**Provided records:**
□ □ □ □ □ □ □

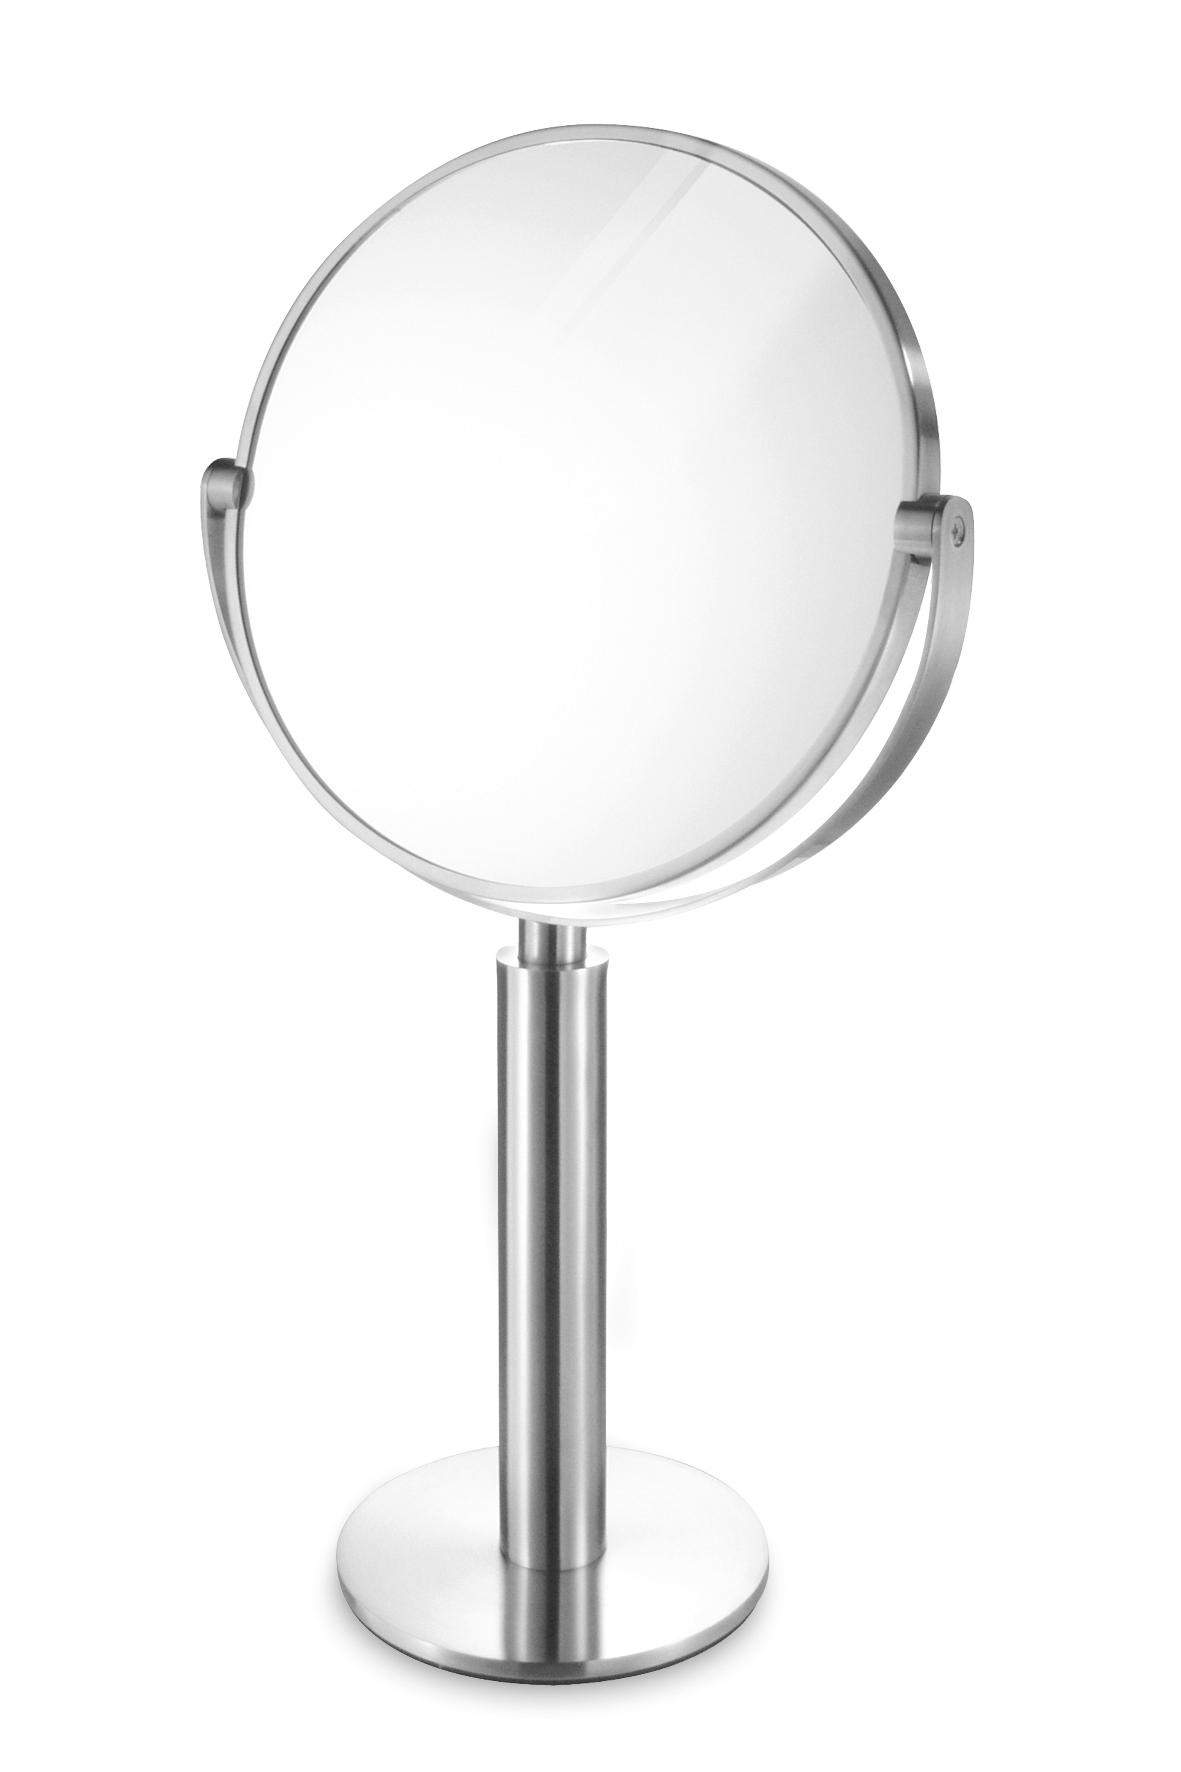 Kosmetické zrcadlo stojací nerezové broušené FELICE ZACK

□ □ □ □ □ □ □

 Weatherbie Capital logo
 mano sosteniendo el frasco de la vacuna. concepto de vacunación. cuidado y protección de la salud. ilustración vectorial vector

□ □ □ □ □ □ □

**What to produce:**
Would you please write out, exactly and with no other lines, the stretch of the listing above from the line containing "Weatherbie Capital logo" through the line containing "mano sosteniendo el"?

**Your solution:**
 Weatherbie Capital logo
 mano sosteniendo el frasco de la vacuna. concepto de vacunación. cuidado y protección de la salud. ilustración vectorial vector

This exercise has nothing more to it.